Deferred tax assets and deferred tax liabilities are recognized based on temporary differences between the financial reporting and tax basis of assets and liabilities using statutory rates. A valuation allowance is recorded against deferred tax assets if it is more likely than not that some or all of the deferred tax assets will not be realized. There were no significant income tax provisions or benefits for the three and nine months ended September 30, 2018 and 2017. Due to the uncertainty surrounding the realization of the favorable tax attributes in future tax returns, the Company has recorded a full valuation allowance against the Company’s otherwise recognizable net deferred tax assets.

As noted in Note 2, effective January 1, 2018, the Company adopted ASC 606, using the full retrospective transition method. Under this method, the Company has revised its consolidated financial statements for the year ended December 31, 2017, and applicable interim periods within those years, as if ASC 606 had been effective for those periods. The adoption of this guidance did not have a significant impact on the Company’s related tax disclosures.

For the year ended December 31, 2017, the Company had taxable income primarily due to timing differences.  The income was fully offset with available net operating losses, NOLs, for regular federal and state tax purposes. The Company did have a tax liability for Alternative Minimum Tax in 2017 of approximately $0.8 million; however, due to tax reform, the amount is fully refundable through 2021, and thus the net result is that the Company generated an income tax receivable of approximately $0.8 million rather than a tax expense for the year ended December 31, 2017. During the second quarter of 2018, the Company paid the $0.8 million tax liability, as such, the Company’s unaudited condensed consolidated balance sheet included a tax receivable of approximately $0.8 million, which is included in other assets, and no tax payable as of September 30, 2018.

The Tax Cuts and Jobs Act, which was signed on December 22, 2017, made significant change in U.S. tax law including a reduction in U.S. corporate tax rate from 35% to 21% for tax years beginning after December 31, 2017. As a result of the enacted law, the Company was required to revalue deferred tax assets and liabilities existing as of December 31, 2017 from the 35% federal rate in effect through the end of 2017, to the new 21% rate. As a result of the change in law, the Company recorded a $43.0 million reduction in the deferred tax asset and corresponding valuation allowance as of December 31, 2017.  
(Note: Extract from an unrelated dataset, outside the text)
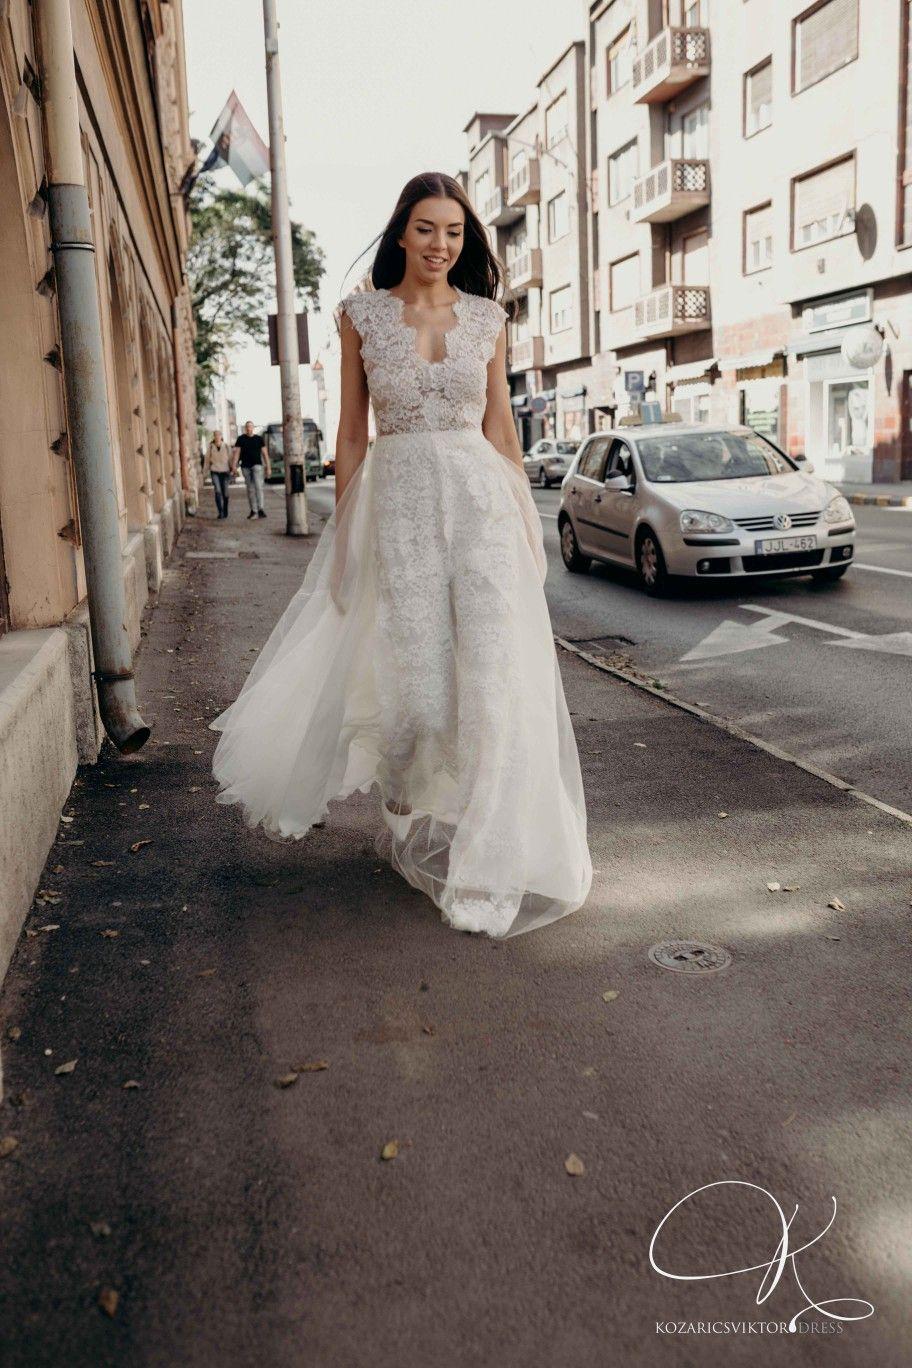 Whitewedding whitewedding esküvői ruhák made by
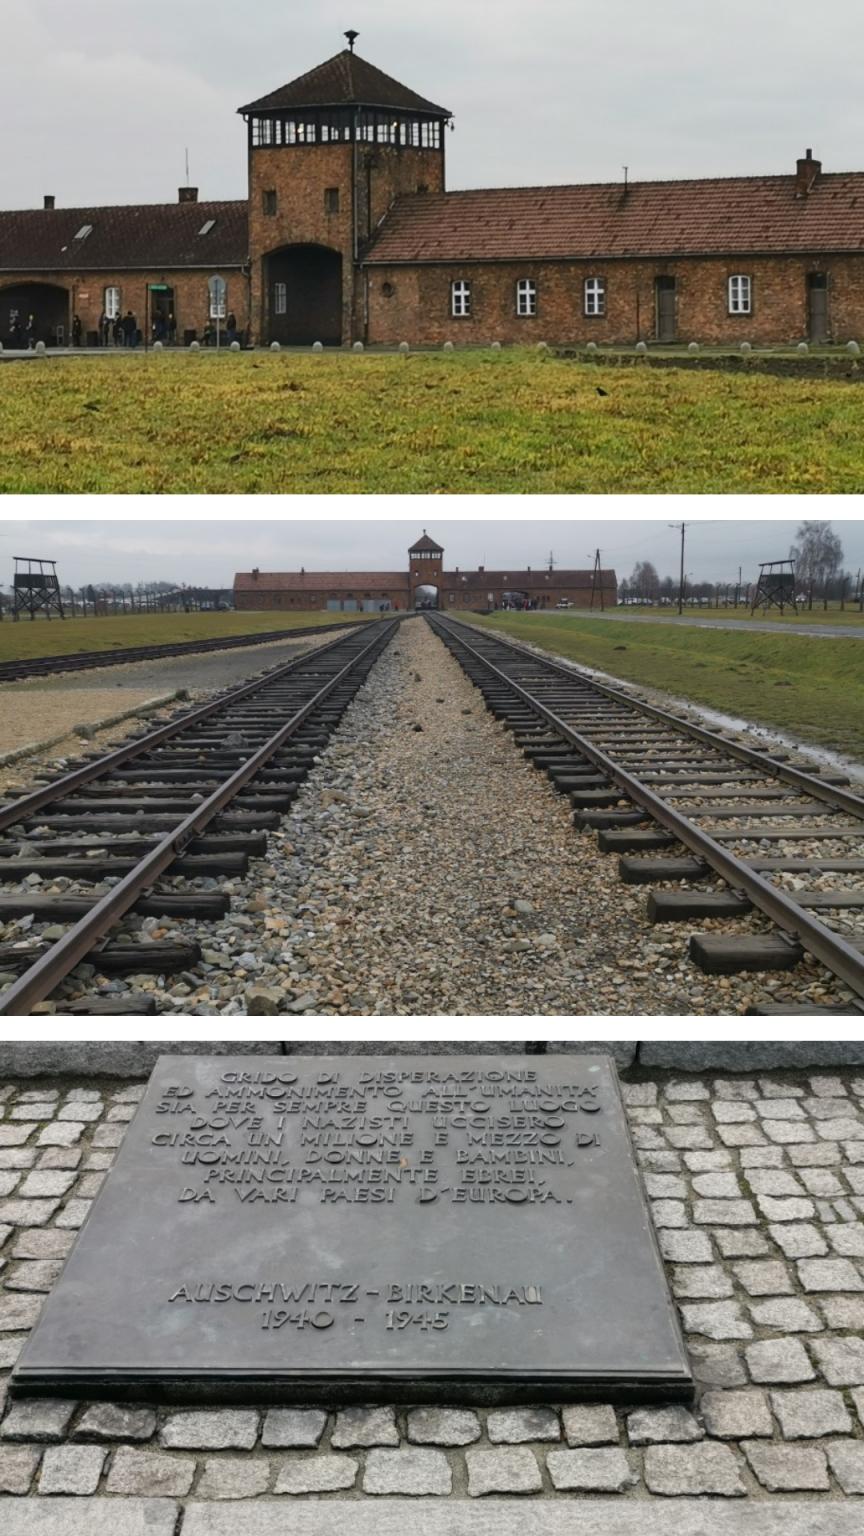 Da Cracovia a Auschwitz - Birkenau, la nostra esperienza.

In accordance with SAB 118, the Company has determined that its deferred tax asset value and associated valuation allowance reduction is a provisional amount and a reasonable estimate at December 31, 2017. The final impact may differ from this provisional amount due to, among other things, changes in interpretations and assumptions we have made thus far and the issuance of additional regulatory or other guidance. During the nine months ended September 30, 2018, we did not identify any additional adjustments necessary to the deferred tax asset value and associated valuation allowance recorded at December 31, 2017. We expect to complete the final impact within the measurement period.